> [Data shown]
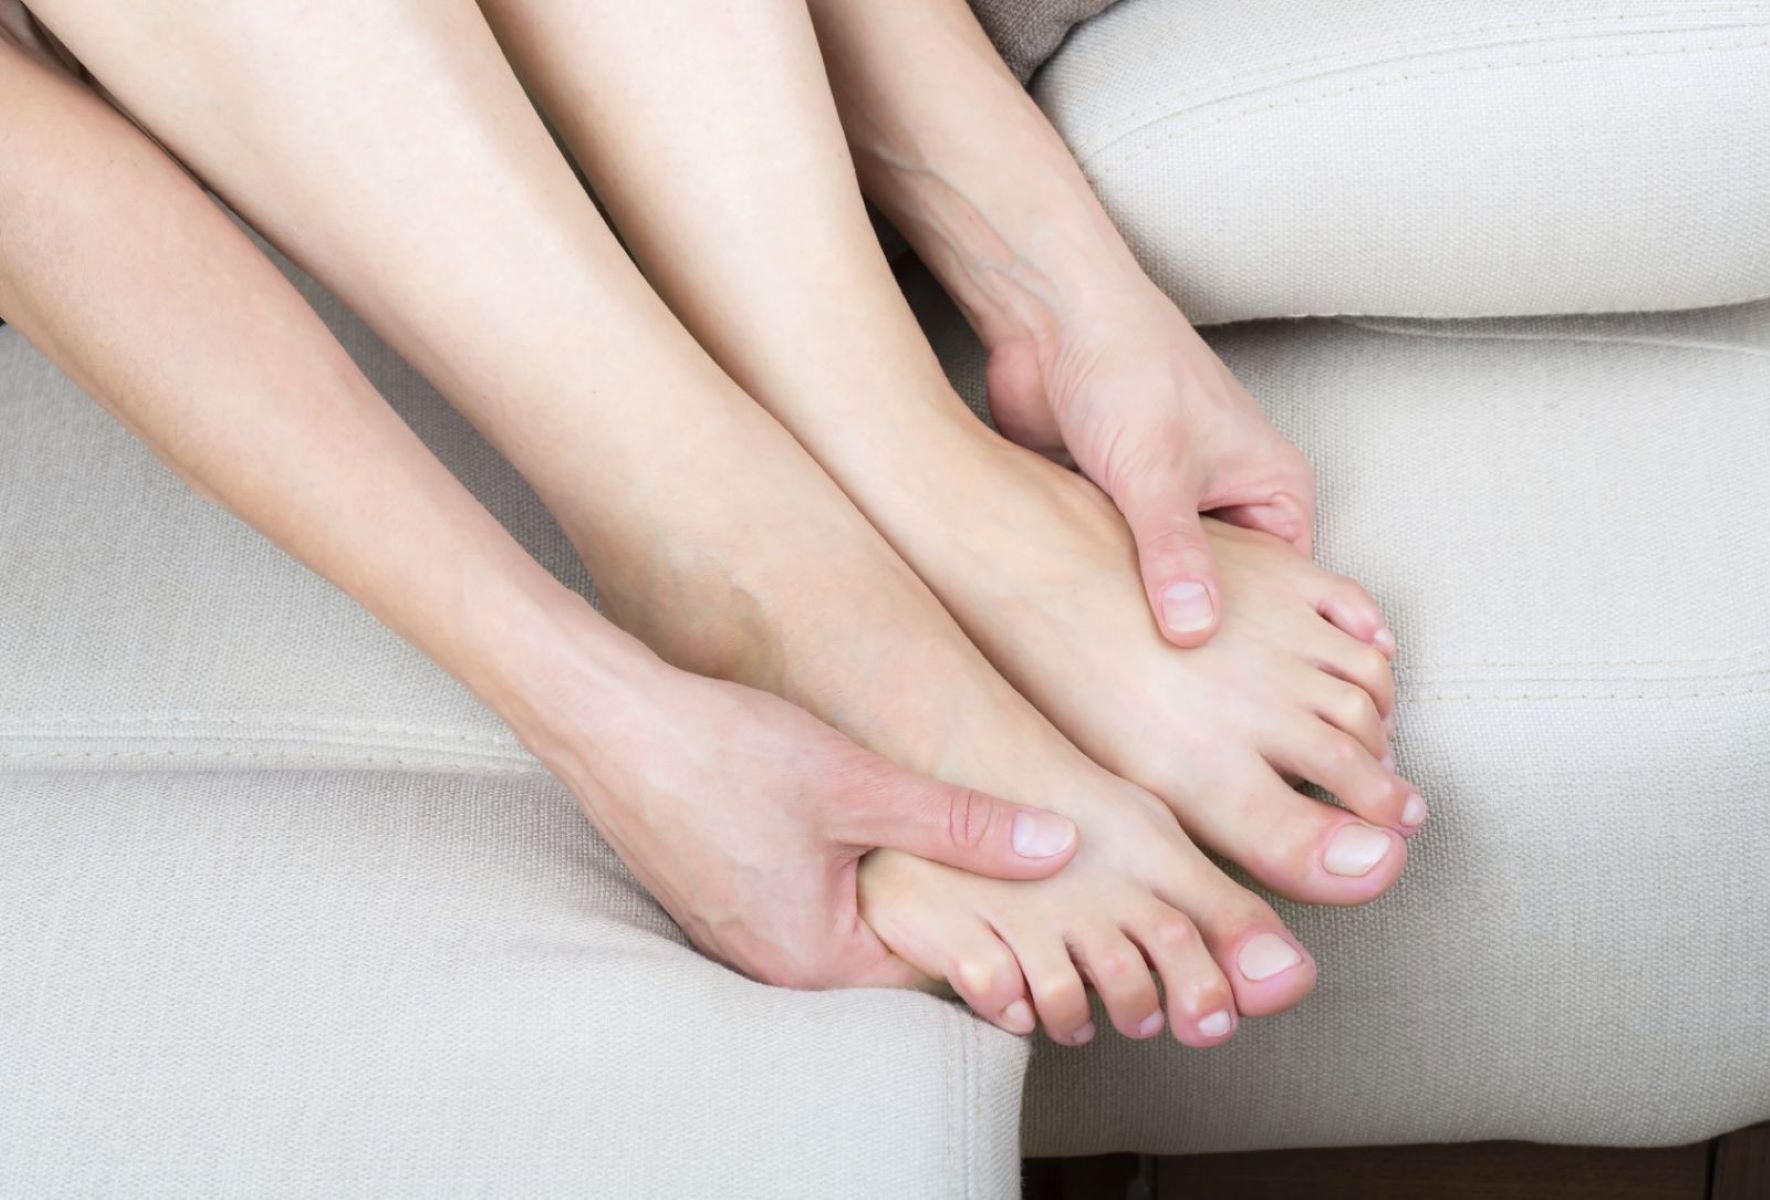 The Ultimate Foot Pleasure: My Unforgettable Experience
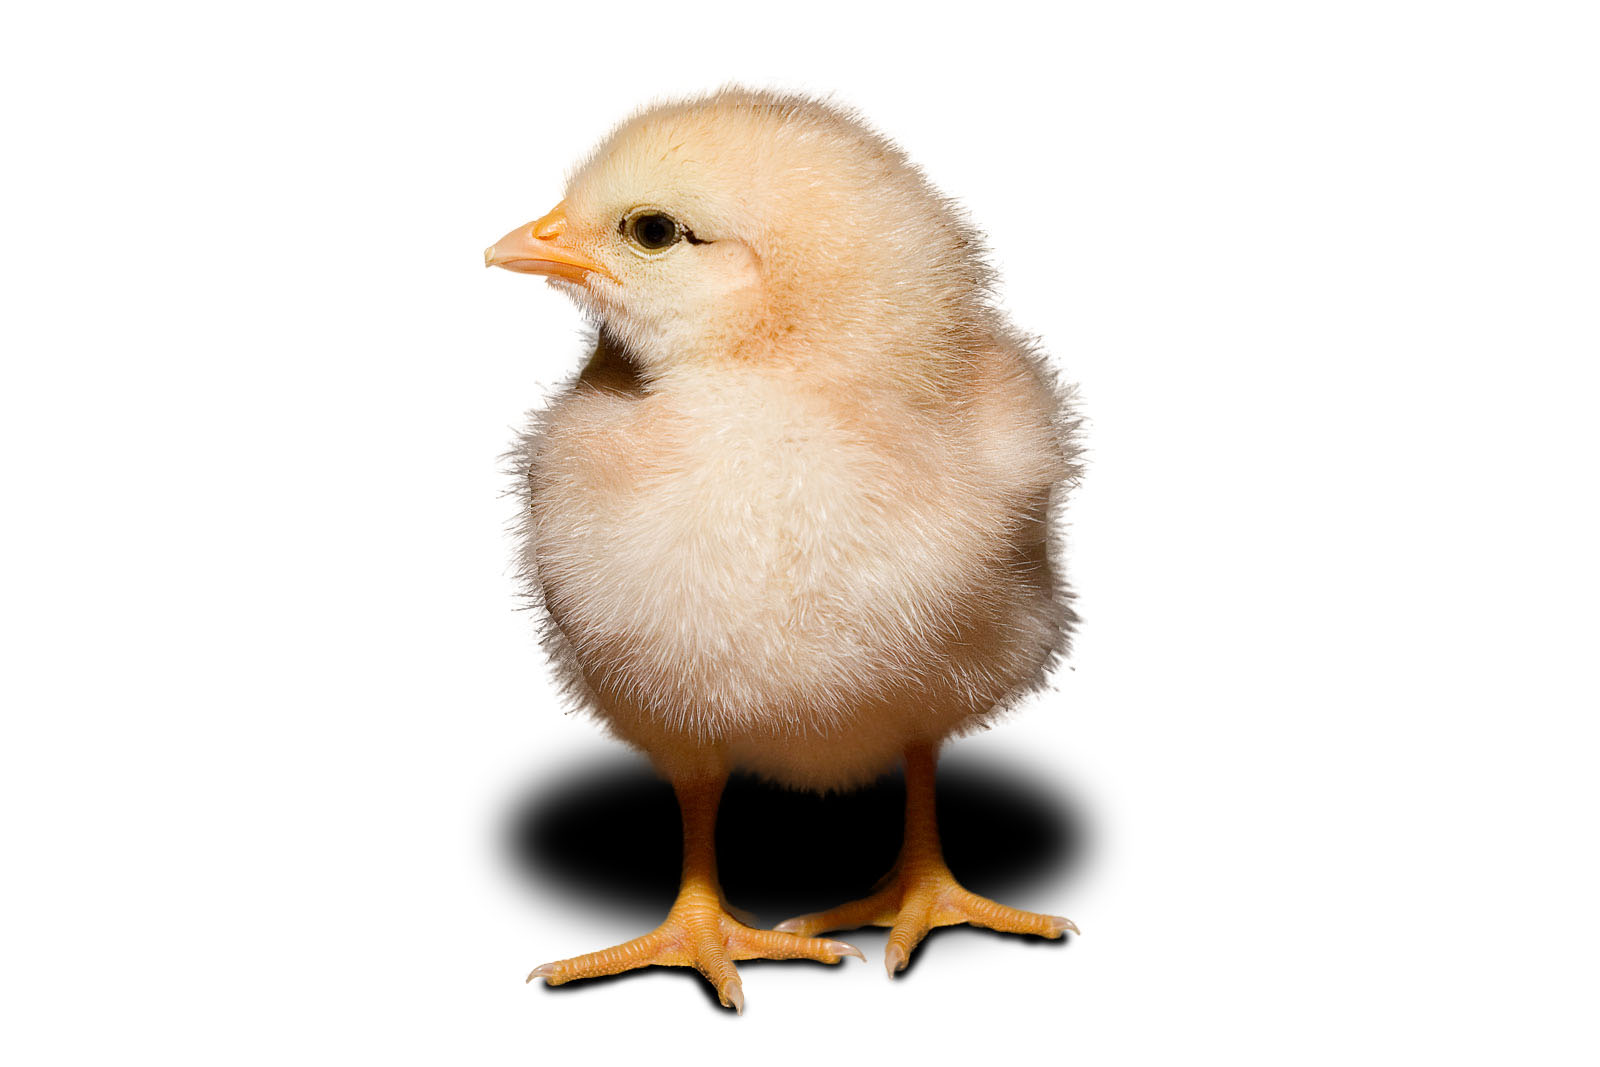 image: Day_old_chick_white_background
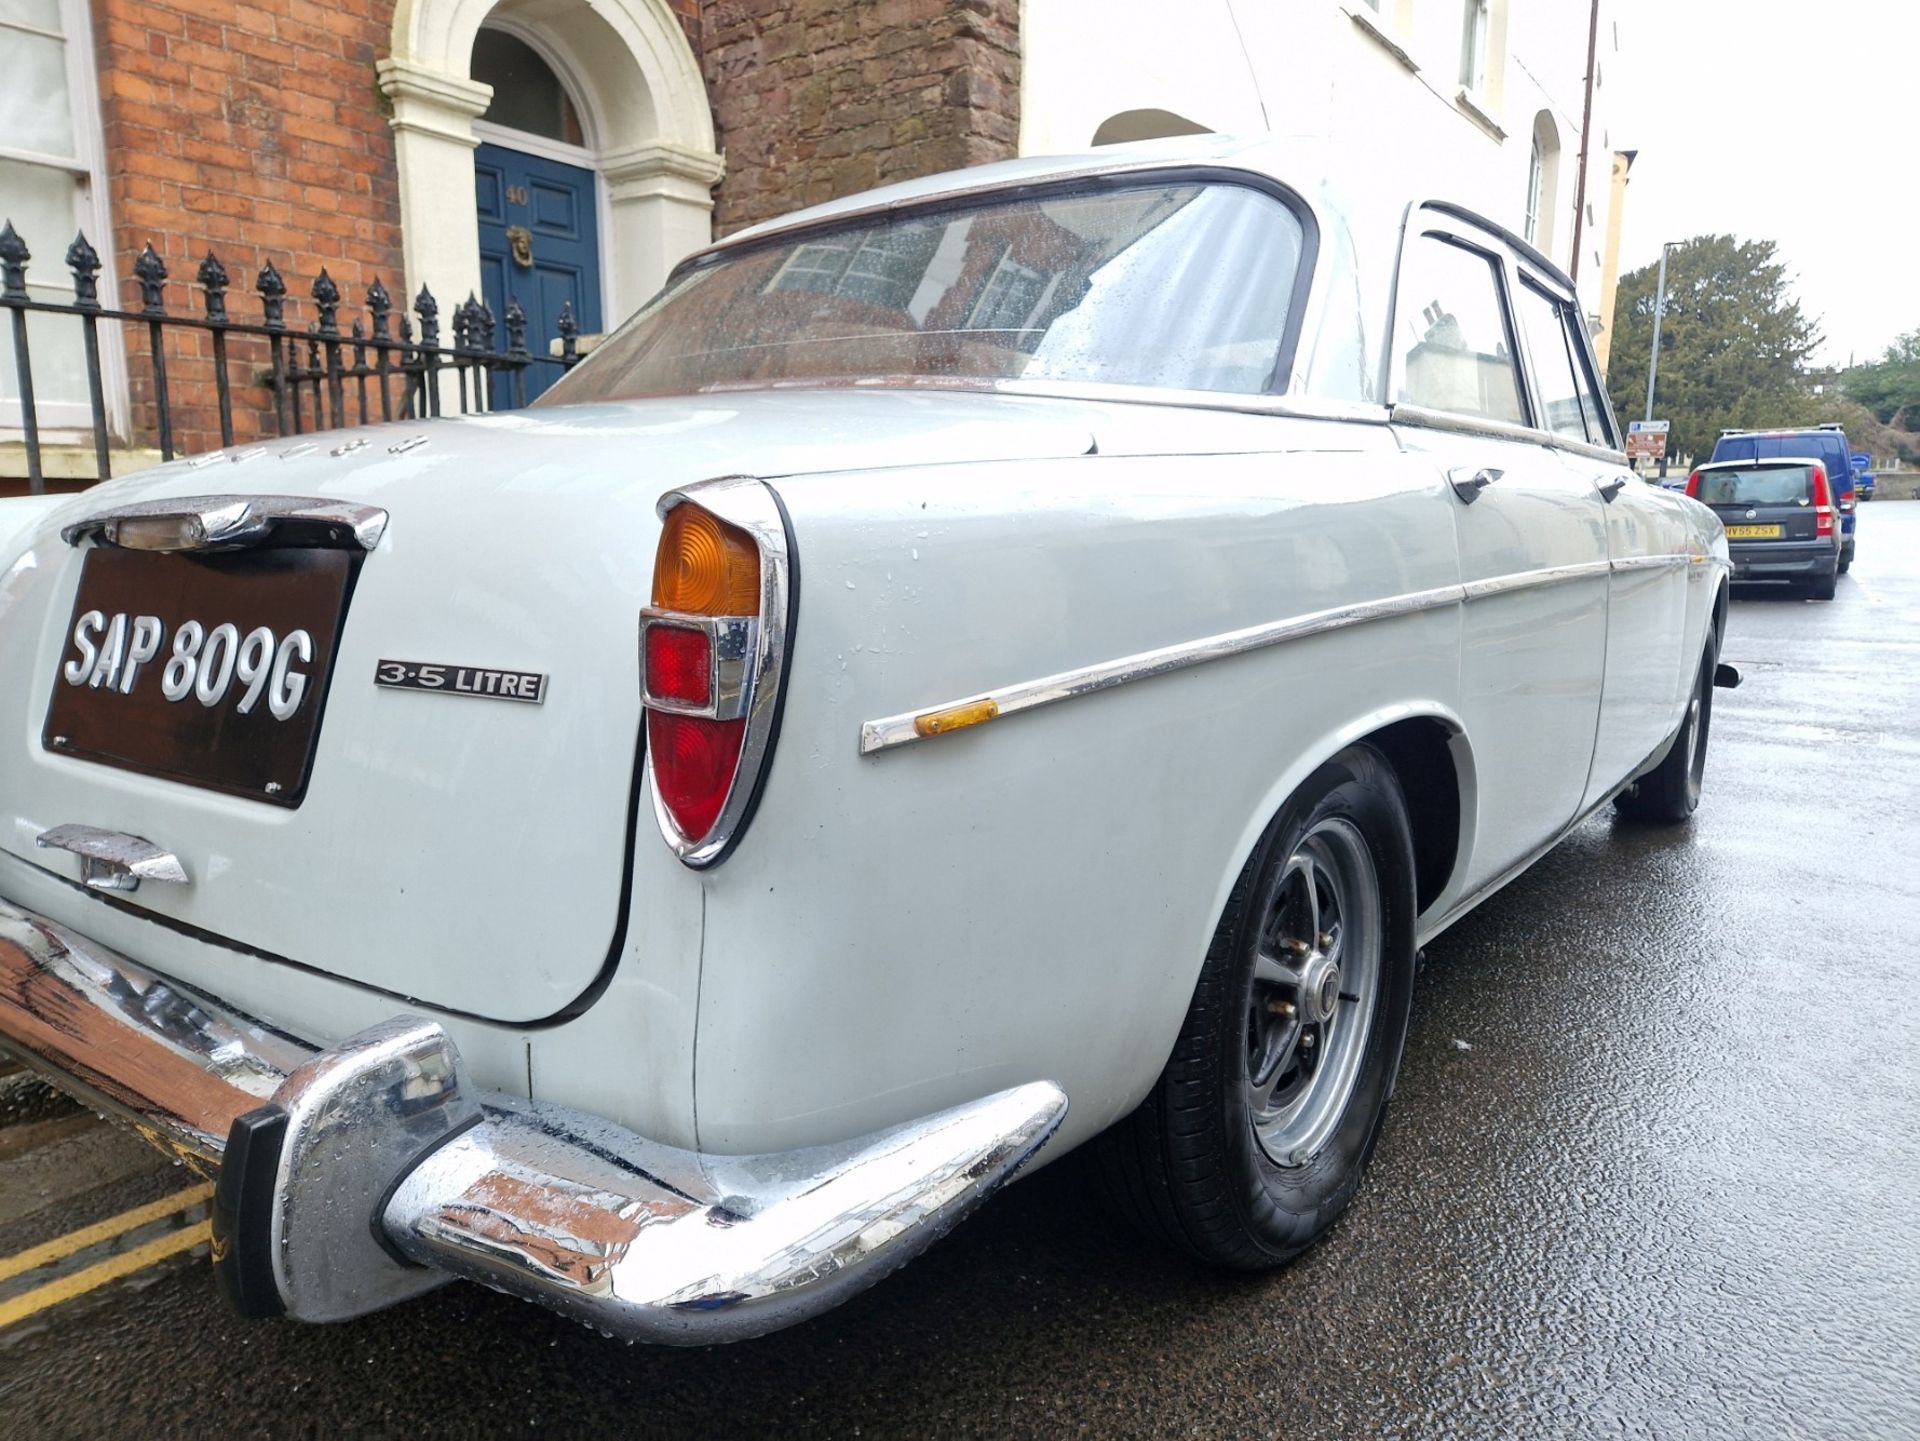 1969 Rover P5B Saloon Registration number SAP 809G Chassis number 84003266B Engine number - Image 4 of 14

> [Work instruction] Please output the entire listing above verbatim and omit its images.

> [Result of the exercise]
 The Ultimate Foot Pleasure: My Unforgettable Experience
 image: Day_old_chick_white_background
 1969 Rover P5B Saloon Registration number SAP 809G Chassis number 84003266B Engine number - Image 4 of 14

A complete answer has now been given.